**WORK REQUIRED**
No picture belongs in the copy. Repeat each line below exactly.
== THE DATA ==
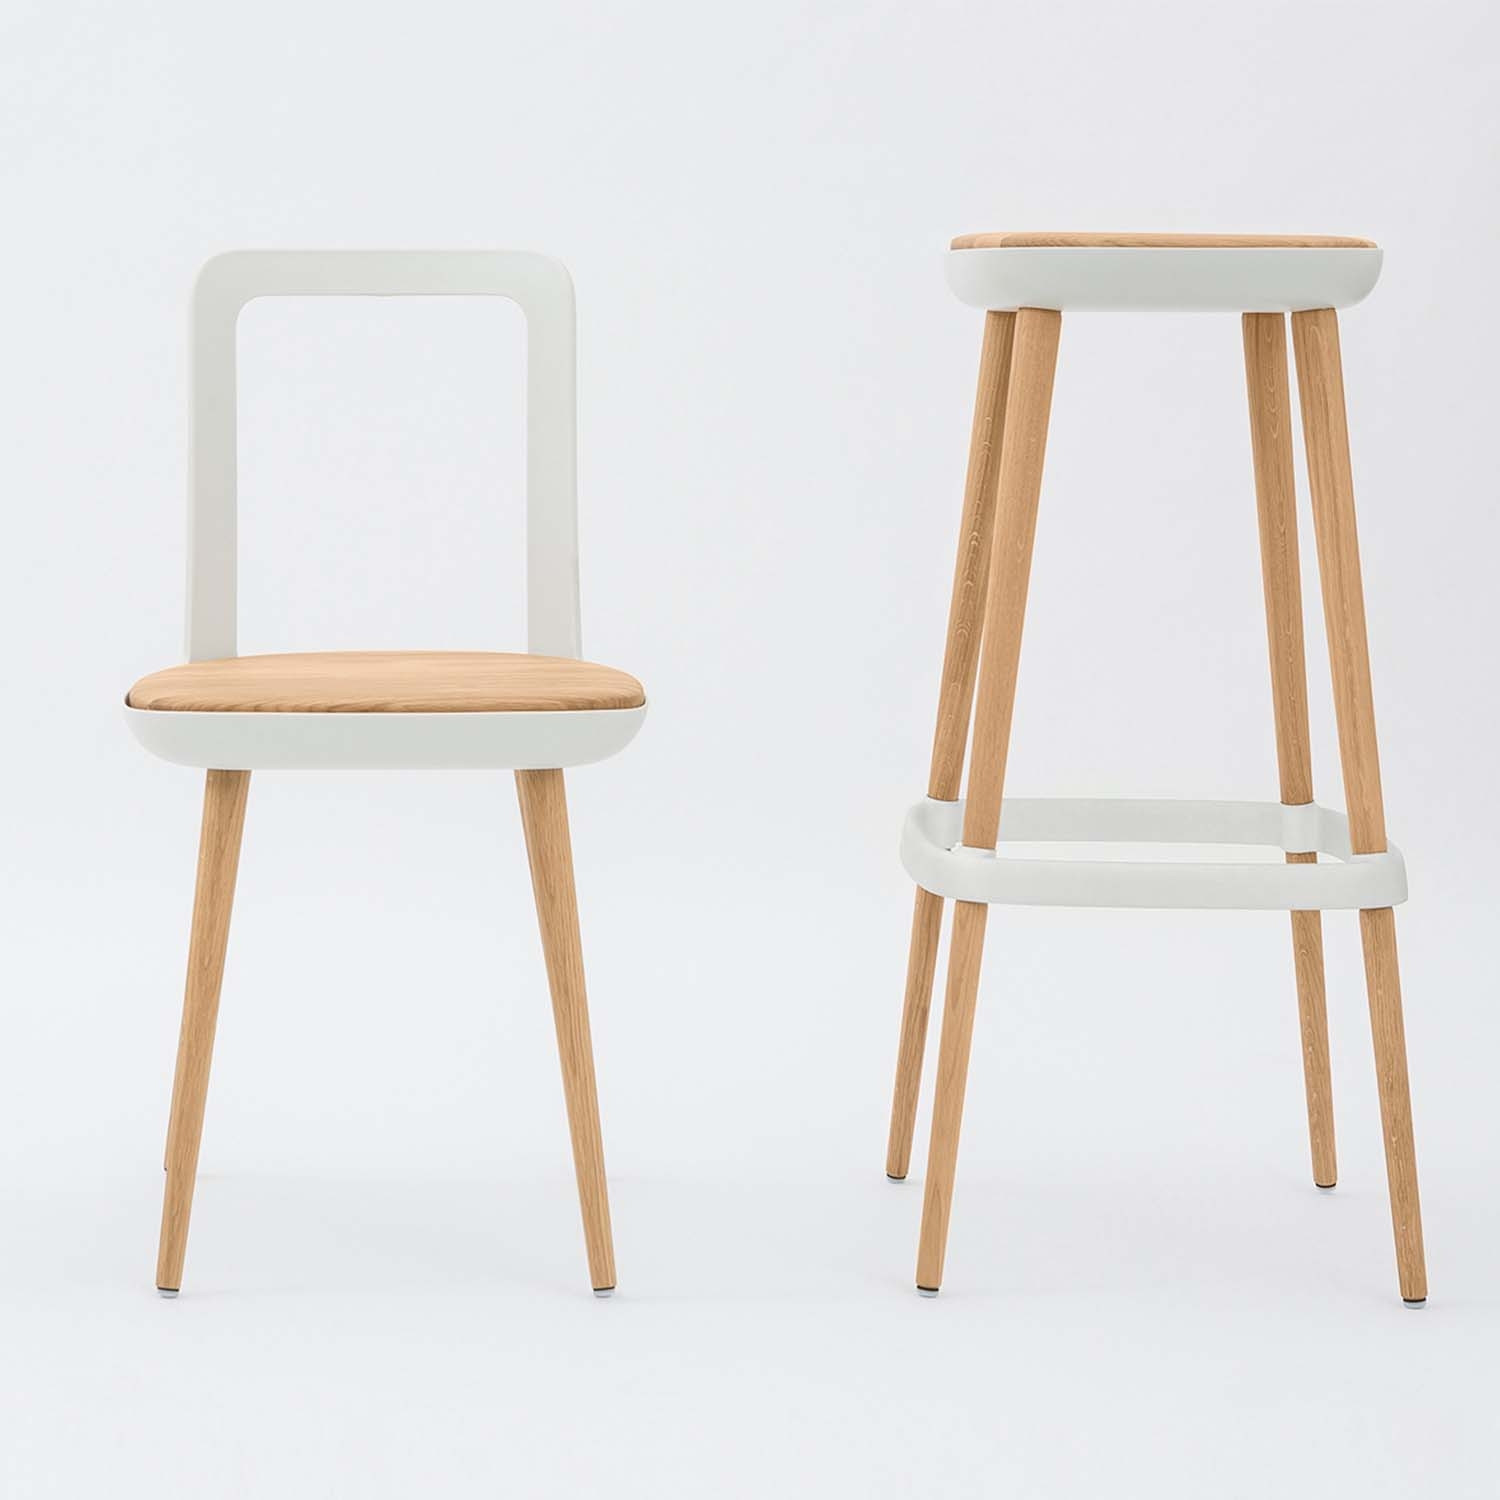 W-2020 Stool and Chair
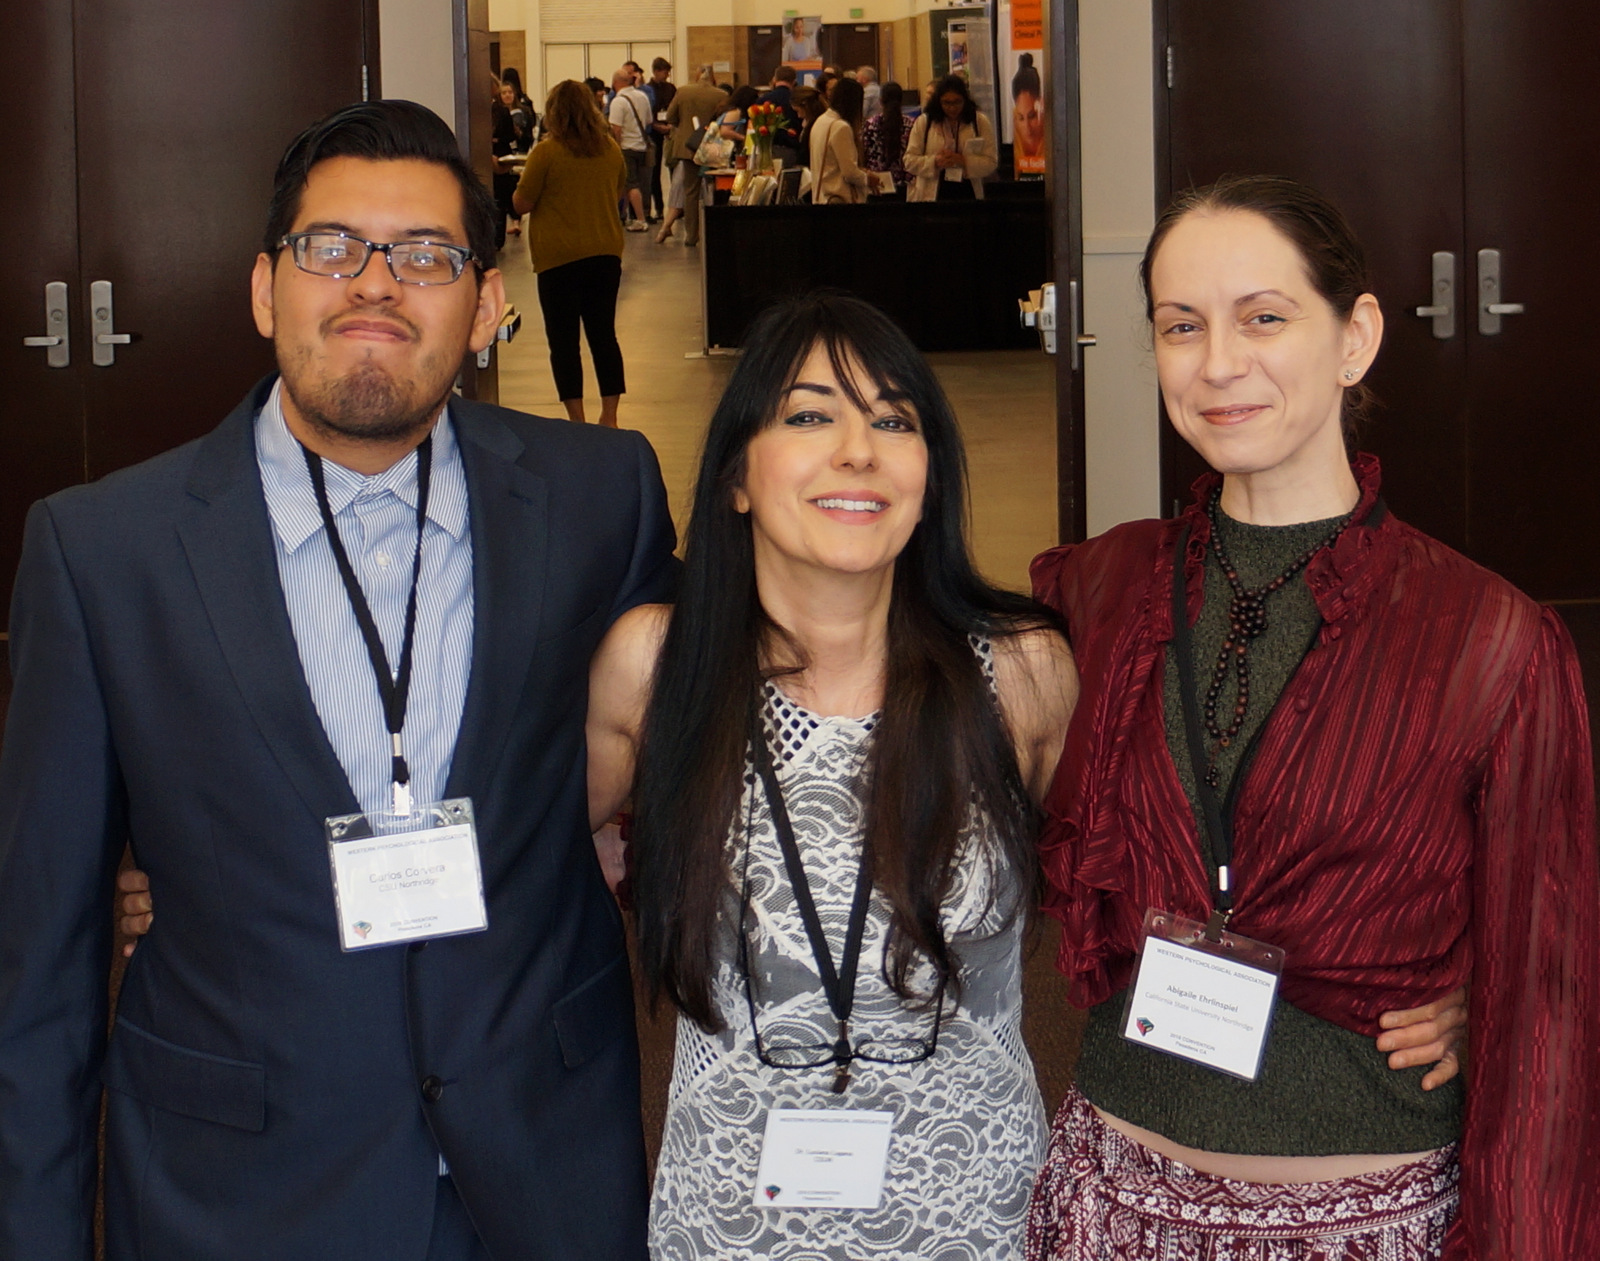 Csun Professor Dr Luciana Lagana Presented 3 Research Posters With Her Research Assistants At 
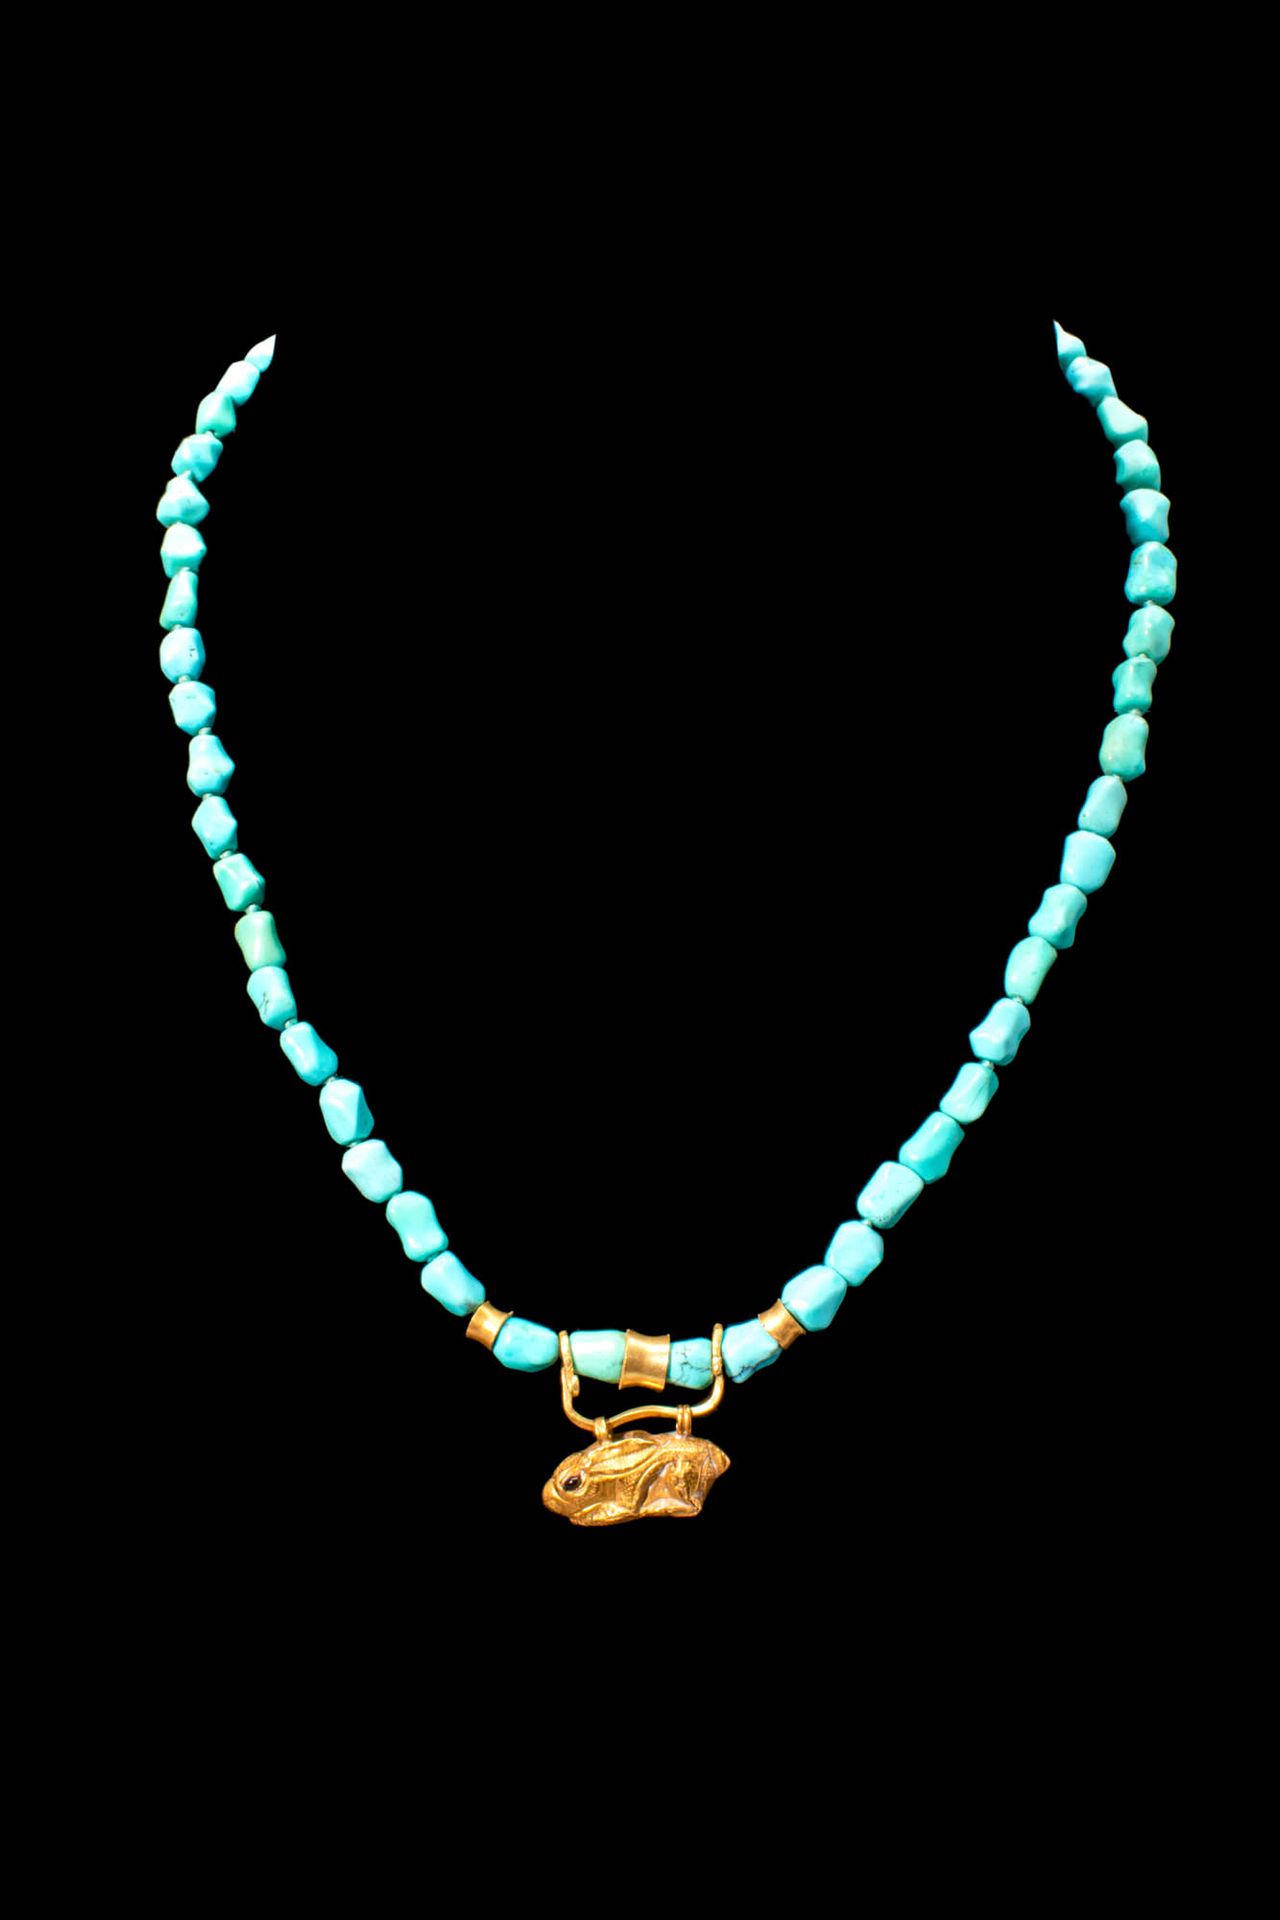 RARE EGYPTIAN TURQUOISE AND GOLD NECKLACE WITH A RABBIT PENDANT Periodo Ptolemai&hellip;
===
**WRITTEN RESPONSE**
 W-2020 Stool and Chair
 Csun Professor Dr Luciana Lagana Presented 3 Research Posters With Her Research Assistants At 
 RARE EGYPTIAN TURQUOISE AND GOLD NECKLACE WITH A RABBIT PENDANT Periodo Ptolemai&hellip;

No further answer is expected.